Three discs of the four-disc set collect all sixteen episodes of Transformers season one, previously released in three separate volumes as Maverick's "Original Series" set. While the original discs released the episodes out-of-order, this set organises them into their correct running order, and each of the discs contains an episode guide that gives viewers synopses. Mercifully, Maverick refrained from "restoring" the episodes like the American company, Rhino, did with their unrelated release of season one. While this does mean that Rhino's version has a superior picture quality, it also means that Maverick's version - which is still of a fine video quality and perfectly watchable - is blissfully devoid of bizarre reversed scenes and added footage that Rhino inserted into their episodes.
However, Maverick has apparently purchased Rhino's 5.1 audio track, which contains sound effects that Rhino themselves added, which sometimes feel out of place, and can be quite annoying when you know that they shouldn't be there. Though to be fair, a number of the sounds ARE quite cool.
And speaking of things that feel out of place, some episodes have the second season opening animation, rather than the first - a result of combining the new audio track with the alternate opening the episodes already had. Also, most of the credits are text-less, and some are even from season two - I wish Maverick had pasted in the correct sequences for both these. While it's totally unimportant for the episodes themselves, it would create a greater sense of unity within the box set.
It would take too long to go through all the episodes here, but suffice it to say that the quality fluctuates in both animation and story. "More Than Meets the Eye" is the quintessential Transformers story, while episodes such as "War of the Dinobots" and "Heavy Metal War" stand out as some of the best in the set.

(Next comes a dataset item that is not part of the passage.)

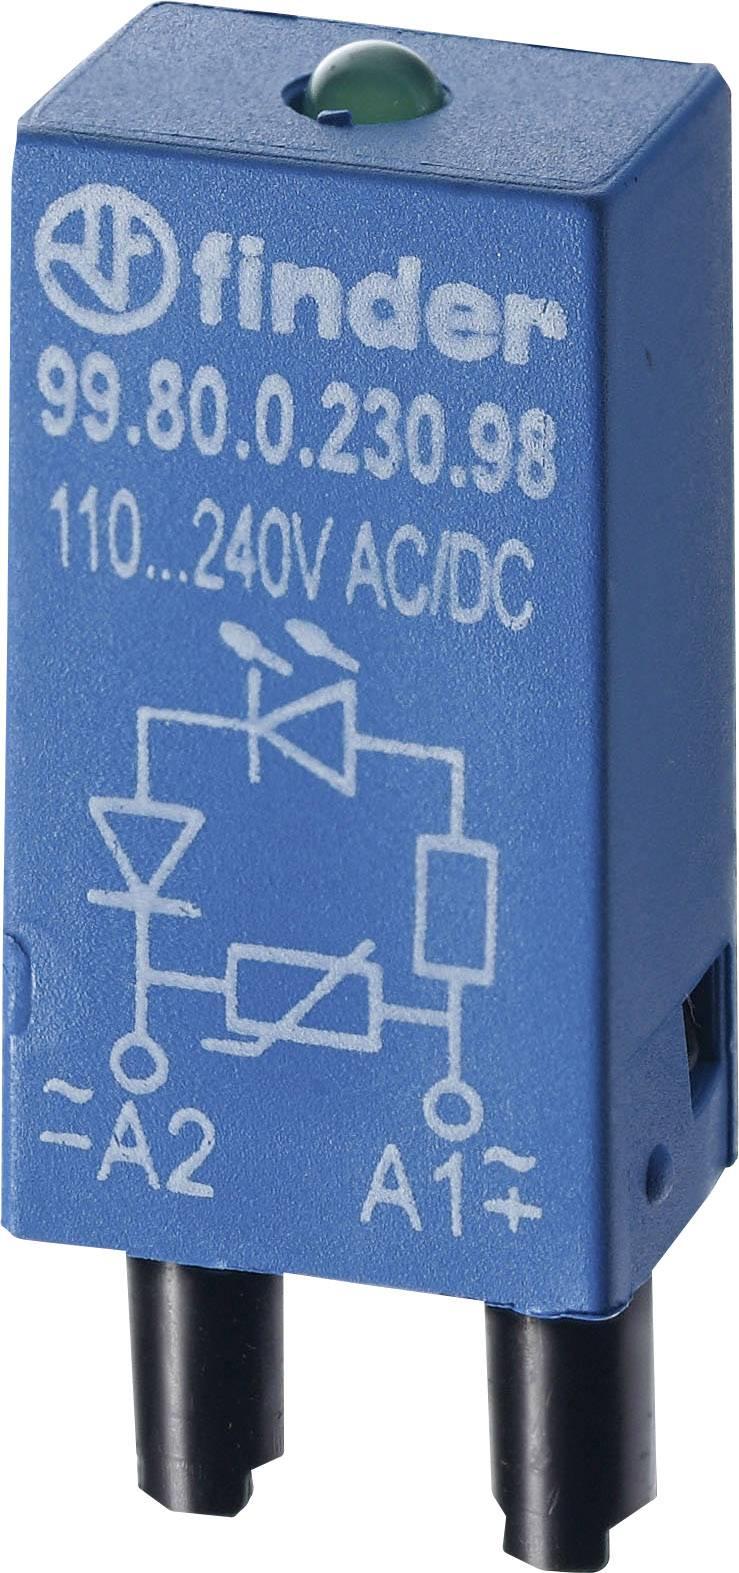 Zásuvný modul s dioidou Finder 99.80.0.230.98 Farba svetla: zelená 1 ks
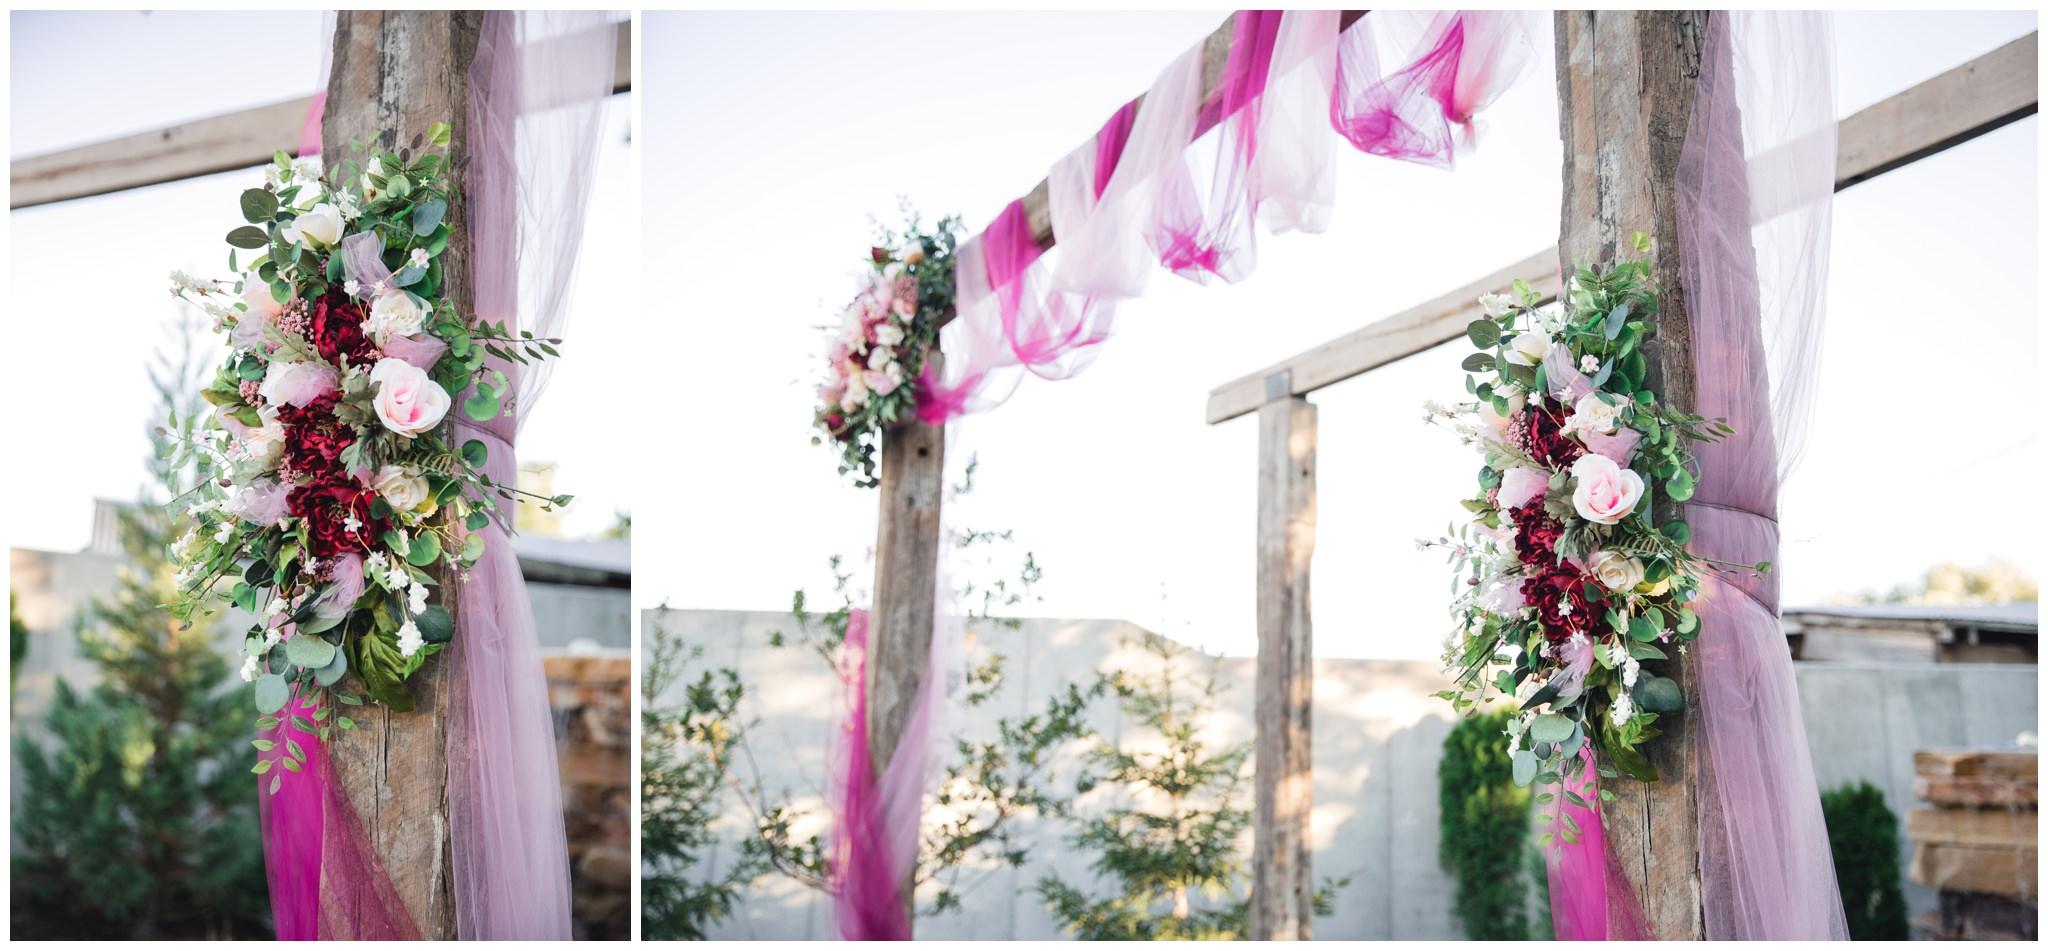 detail pictures of burgundy floral arrangements at wedding in Lindon, Utah.

In contrast, "Roll For It" and "SOS Dinobots" are two of the weaker episodes, while the "Ultimate Doom" trilogy could have been a great story, had it not been spoiled by treating the mind-controlled humans as a more important story aspect than the destruction of Earth. That said, the episodes are still a great nostalgia trip for anyone looking to relive their wasted youth and a must for Transfans.
It is the extra features that are the real selling point, however. No features were included on any of the previous separate volumes, but the fourth disc of this set proves that Maverick have been sitting on a mountain of extras.
The first two extras are the set's "bonus episodes," "Five Faces of Darkness," Part One and "The Rebirth," Part One, both included primarily to advertise the fact that the complete FFoD and Rebirth miniseries were Maverick's next DVD releases. The episode guide on this disc also gives synopses for the other parts of FFoD and Rebirth.
But there is much more to be seen here, by going to the Special Features menu. First in line is "Character Profiles," which gives you data on important characters from season one.
Next we have "Bumpers and Adverts," a containing original commercial bumpers and television adverts for Transformers toys. Bumpers included are from season one, "Five Faces of Darkness," "The Rebirth," the "Generation 2" series, and the Japanese "Headmasters" series, all included either in accordance with the set's content, or previous Maverick DVD releases. Adverts, of which there are many, are for Pretenders, Micromasters, Actionmasters, and a large selection of Generation 2 toys, as well as a small number of Japanese ads for season one and two toys.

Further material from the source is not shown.